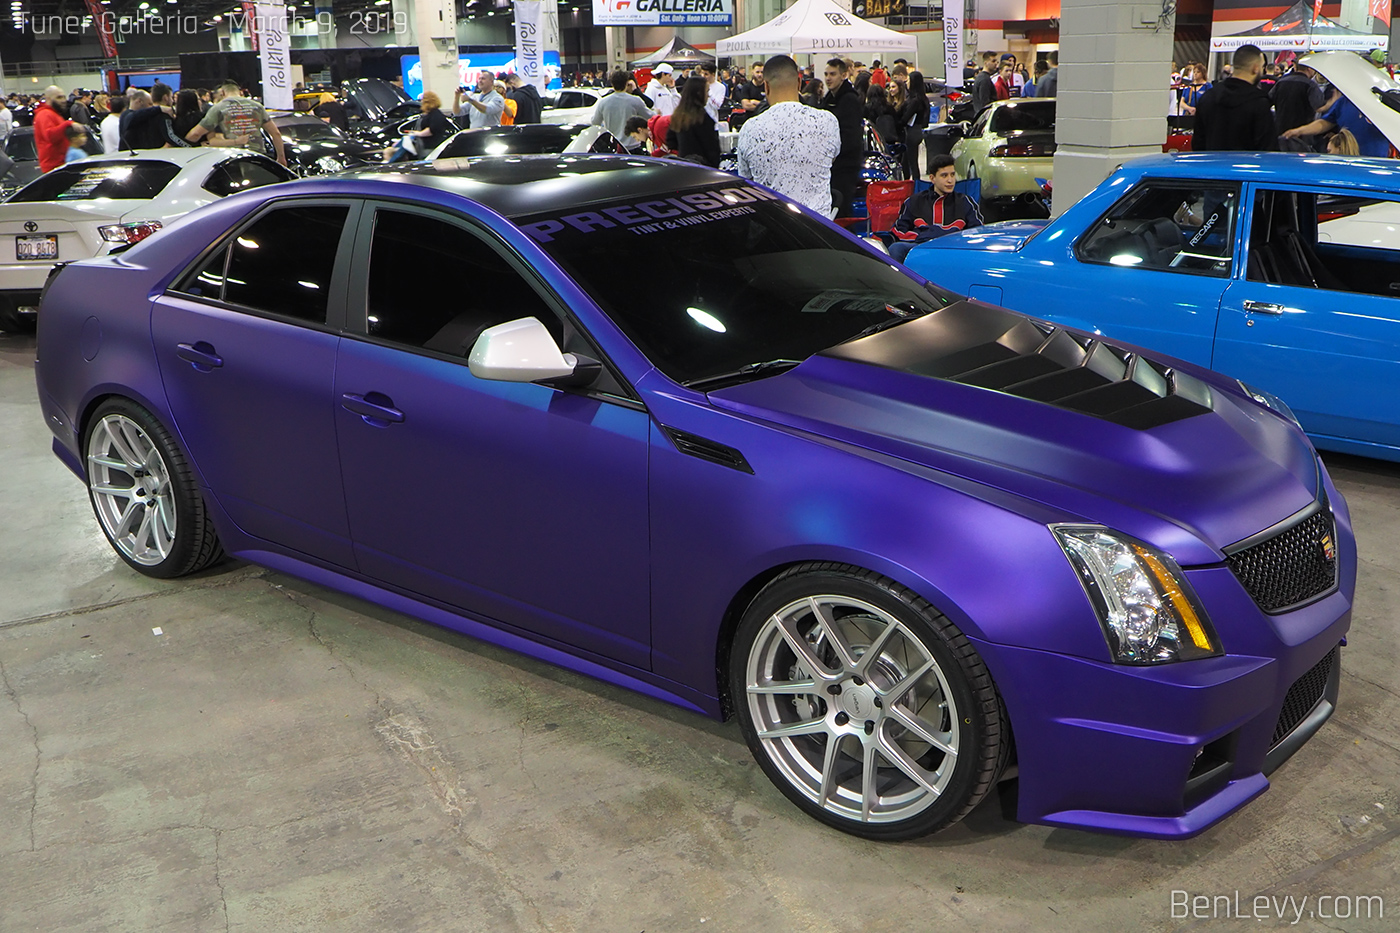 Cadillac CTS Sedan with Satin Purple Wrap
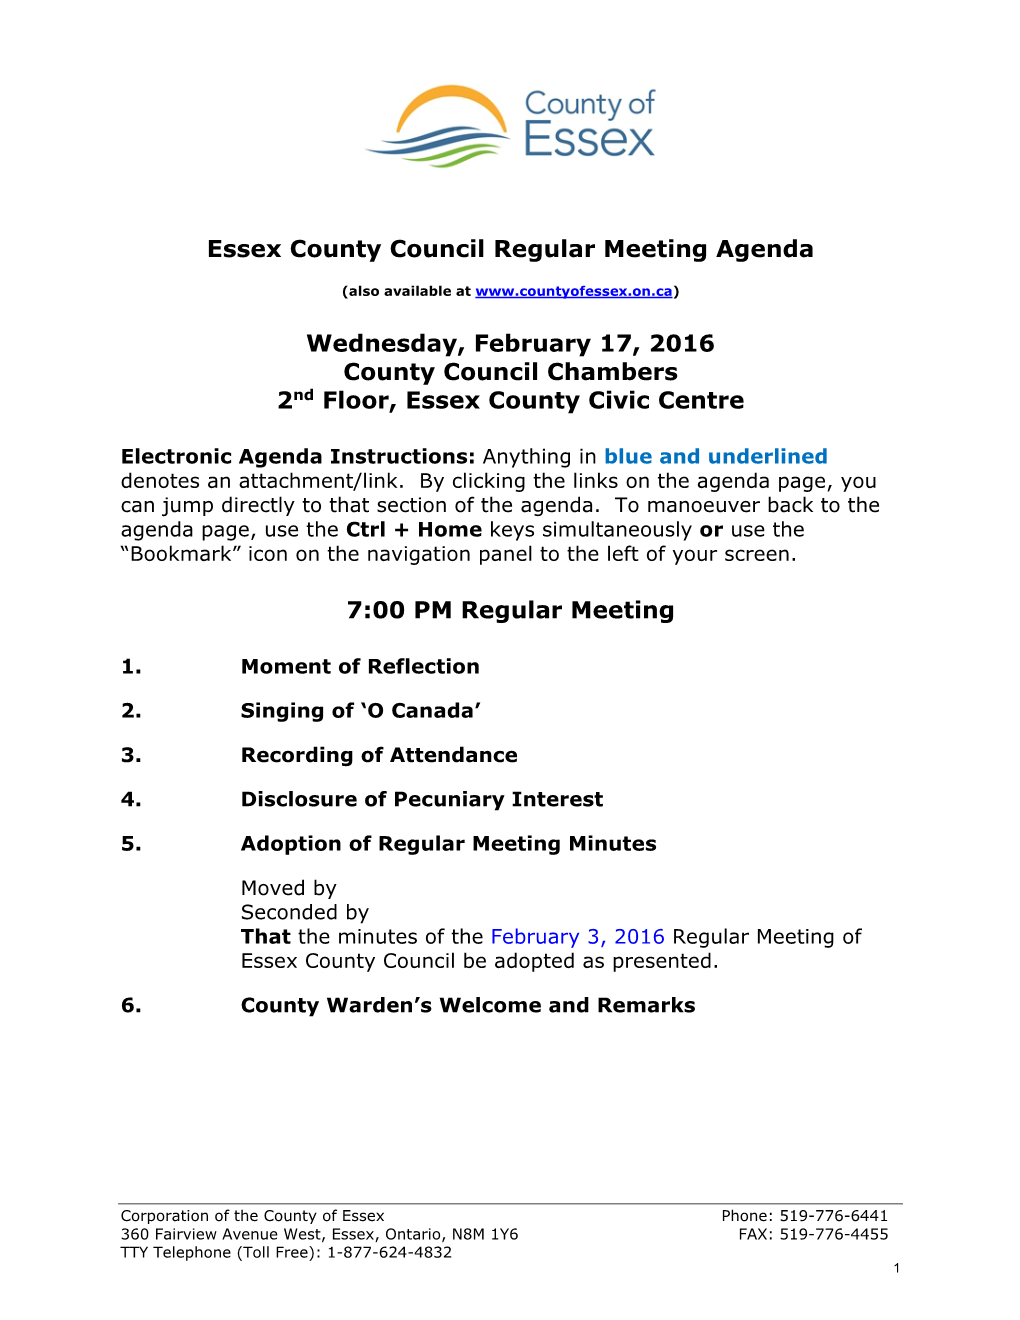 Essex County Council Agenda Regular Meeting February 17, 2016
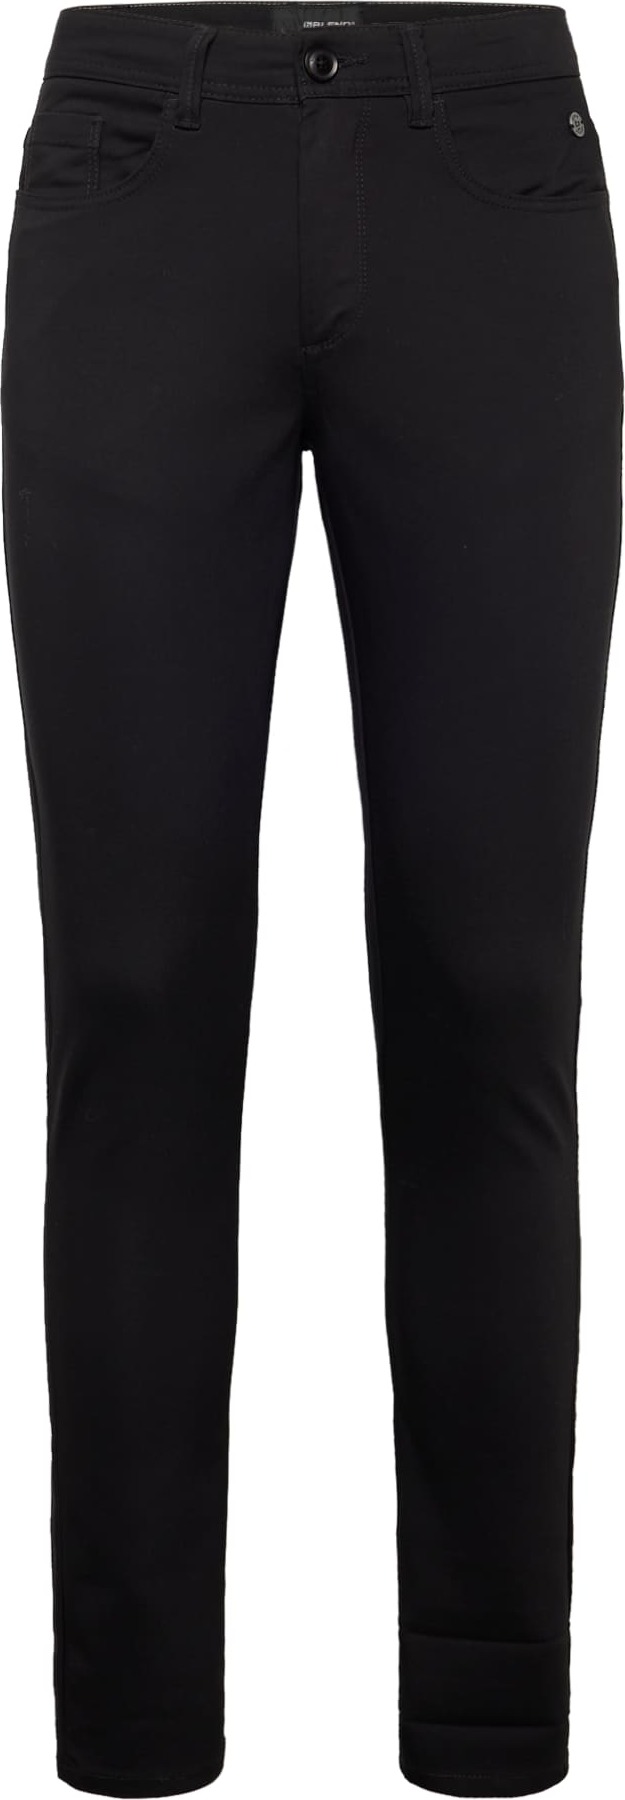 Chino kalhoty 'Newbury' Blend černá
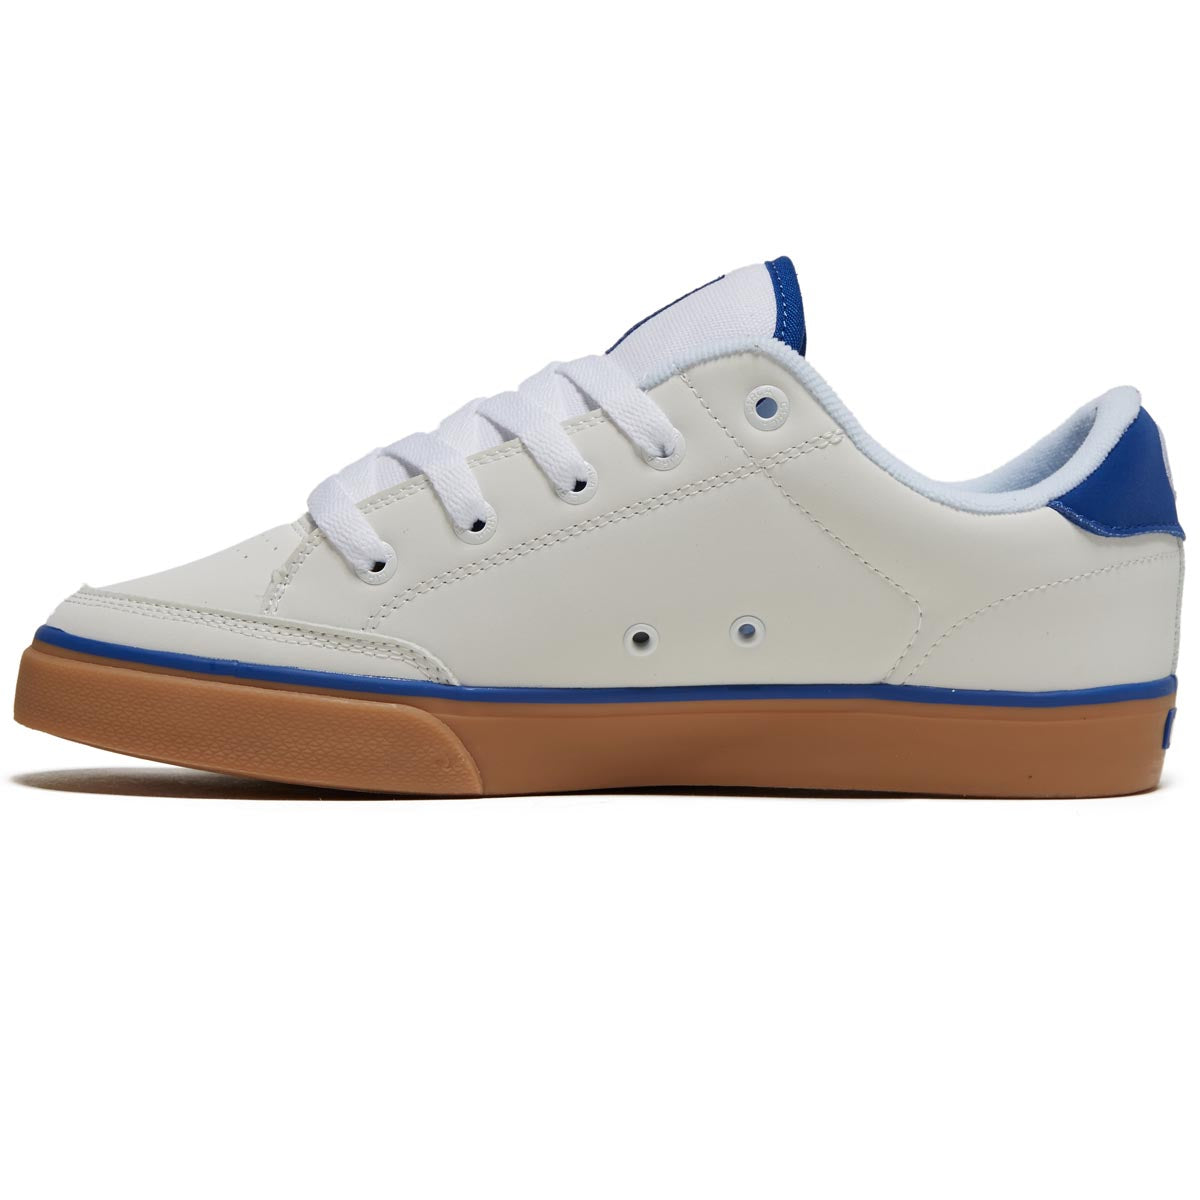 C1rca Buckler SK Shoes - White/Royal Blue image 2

▬▬▬

> _Task objective_
What is needed is the whole listing again, exactly as written, with the images left out.

> _Completed task_
 Cadillac CTS Sedan with Satin Purple Wrap
 Essex County Council Agenda Regular Meeting February 17, 2016
 Chino kalhoty 'Newbury' Blend černá
 C1rca Buckler SK Shoes - White/Royal Blue image 2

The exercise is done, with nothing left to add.